Эркена едва не пронёс ложку мимо рта. Он совершенно не был готов, пожалуй, к тому, что на далёком Марсе могут знать малочисленную бракирийскую секту, о которой слышал не каждый бракири.
– У них, например, мужчины и женщины не смотрят друг на друга пока не… Пока не объясняются, не признаются в любви. Считается, что можно сказать, что любишь женщину, только тогда, когда не видел её лица, а узнал её душу, из общения… Вот когда признание в любви прозвучало, и его приняли – тогда можно посмотреть, это будет правильный взгляд, осмысленный, с любовью. Это немного похоже на наше общение по Сети, но на самом деле, конечно, у нас такое невозможно… В Сети же тоже есть фотографии, так что без праздного взгляда и обольщения внешностью никак.
– Вы общаетесь по Сети?
– Естественно, это самое логичное для меня. В моём положении вообще нельзя жить с пессимизмом.
– Надо жить с реализмом, – улыбнулась Дебора, – всё-таки, ты ведь уже взрослый, и понимаешь, что…
Майк нервно звякнул вилкой о тарелку.
– Что богатый инвалид – соблазнительная мишень, да. Всё я понимаю, Дебби, ты же знаешь. Если ты о Лауре, то я уже говорил, что она не такая. Если б она была такая, то давно б уже приехала сюда и вышла за меня замуж.
– Ну, это мы бы ещё посмотрели, – тон Деборы, впрочем, был вполне миролюбивым.
Парень сколько-то ещё смотрел на неё укоризненно, потом повернулся к гостям.
– Лучше расскажите о деле, которым сейчас занимаетесь. Обо мне говорить можно много, но это… ограниченно. Моя жизнь, практически ограниченная четырьмя стенами и стенками моей черепной коробки – это тема скорее для какого-нибудь сюра, а я и в литературе предпочитаю что-то с живым действием и ближе к реальности. Знаете, Энжел, когда они с Дебби только приехали сюда, жаловалась, что ей «тесно», что у неё клаустрофобия из-за купола. Дебби не понимала её – что она, птица, чем ей этот купол мешает? А я понял. Ну так вот, и общение с живыми людьми, о том, что происходит там у них, а не у меня здесь – это как настоящее небо, когда купола нет, и к тебе может прилететь ветер аж с другого континента… Дебби говорила, вы здесь из-за метеорита.

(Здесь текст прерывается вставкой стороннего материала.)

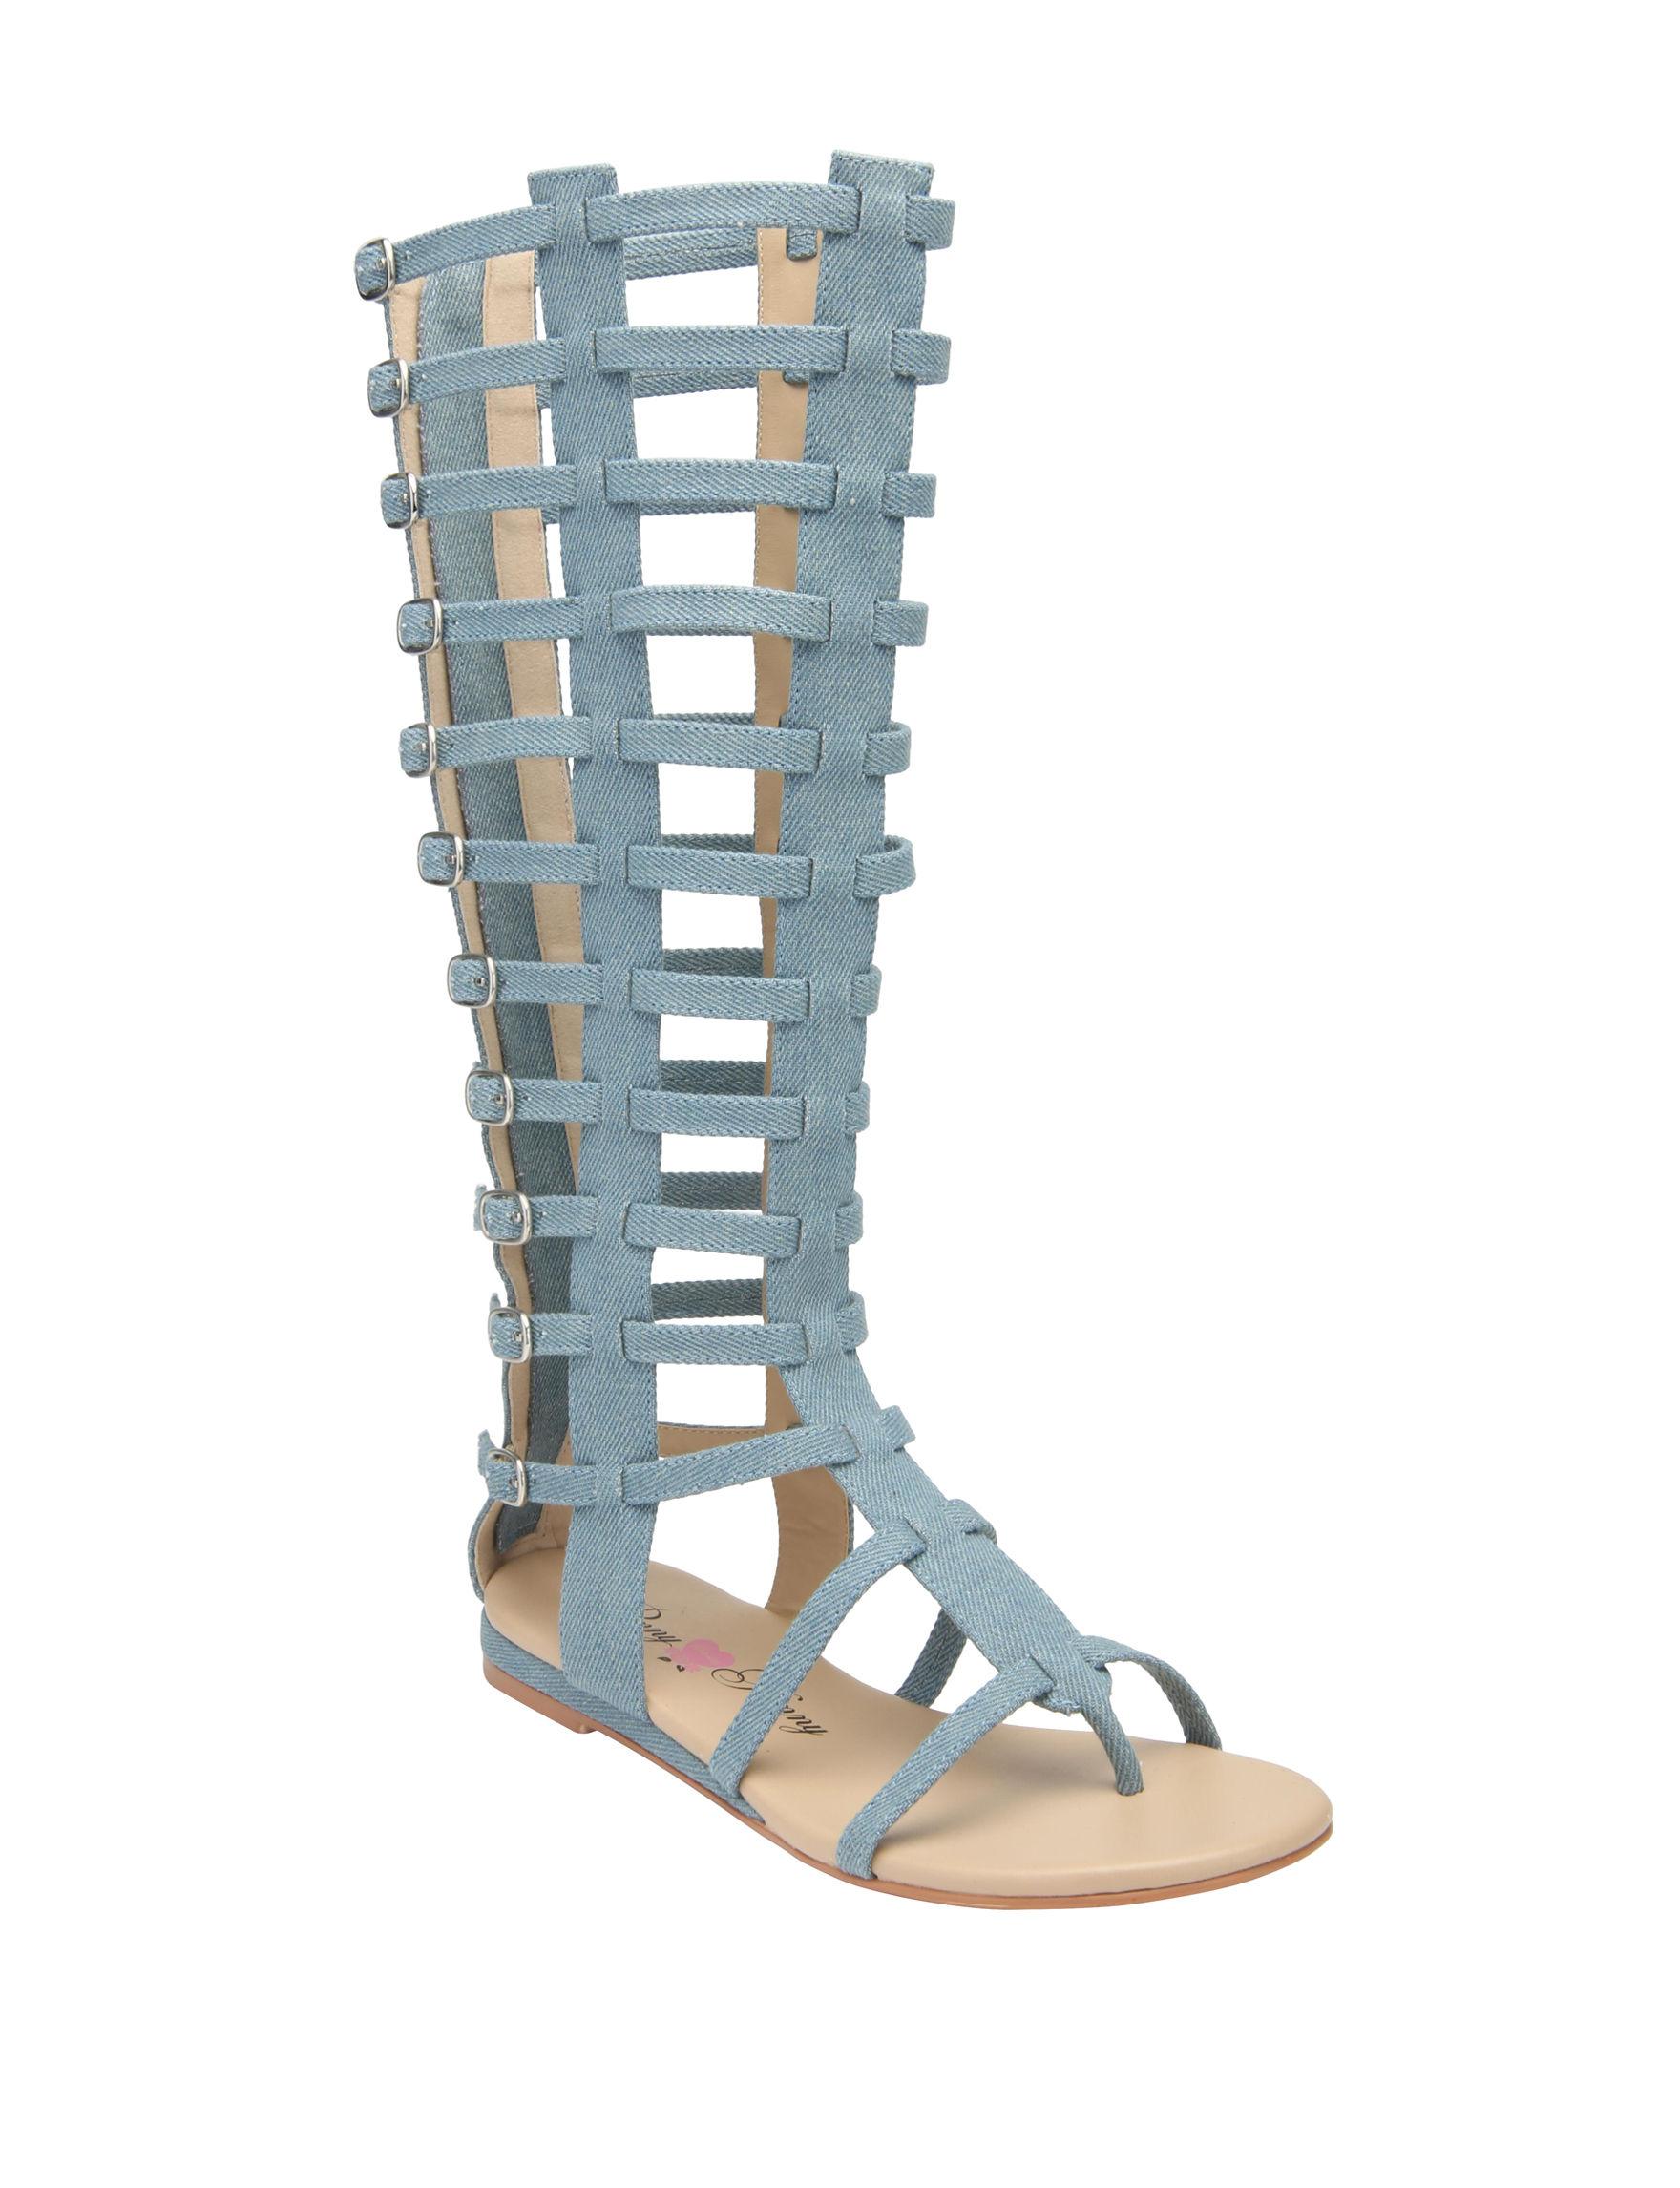 Penny Loves Kenny Blue Flat Sandals Gladiators

Вы намерены его забрать?
– Если честно – было бы неплохо, – кивнул Гидеон, – понятно, что бурильные работы на несколько дней и ещё неизвестно, влезет ли эта махина в наш грузовой отсек… Великовата оказалась балочка, надеюсь, он там, с другой стороны Марса, не вылезает? Я уже наводил тут справки на тему машин, пока все отказались… Но лучше выкопать. Потому что вполне возможно, если не выкопаем мы – прилетит кое-кто другой выкапывать.
– Можем подарить лорканцам вместо того, который у них свистнули, – хмыкнул Илмо.
– Вы слышали, что о нём говорят, будто он исполняет желания?
– Слышали, конечно. Это нормально, о любом необычном предмете рано или поздно возникают какие-то легенды.
В глазах Майка вспыхнули озорные искры.
– Я думаю, нет дыма без огня. Можете проверить, кстати, ведь вы пойдёте туда сегодня… Только очень осторожно, потому что волшебные предметы – они очень вредные, с характером.
– Майк, ну ты как ребёнок!
– Дебби, ну нельзя ж отмахиваться от фактов только потому, что мы не можем объяснить их так, как нам приятно? Как жаль, что я не могу пойти с вами.
– Этого ещё не хватало! Я не хочу даже представлять тебя – за куполом!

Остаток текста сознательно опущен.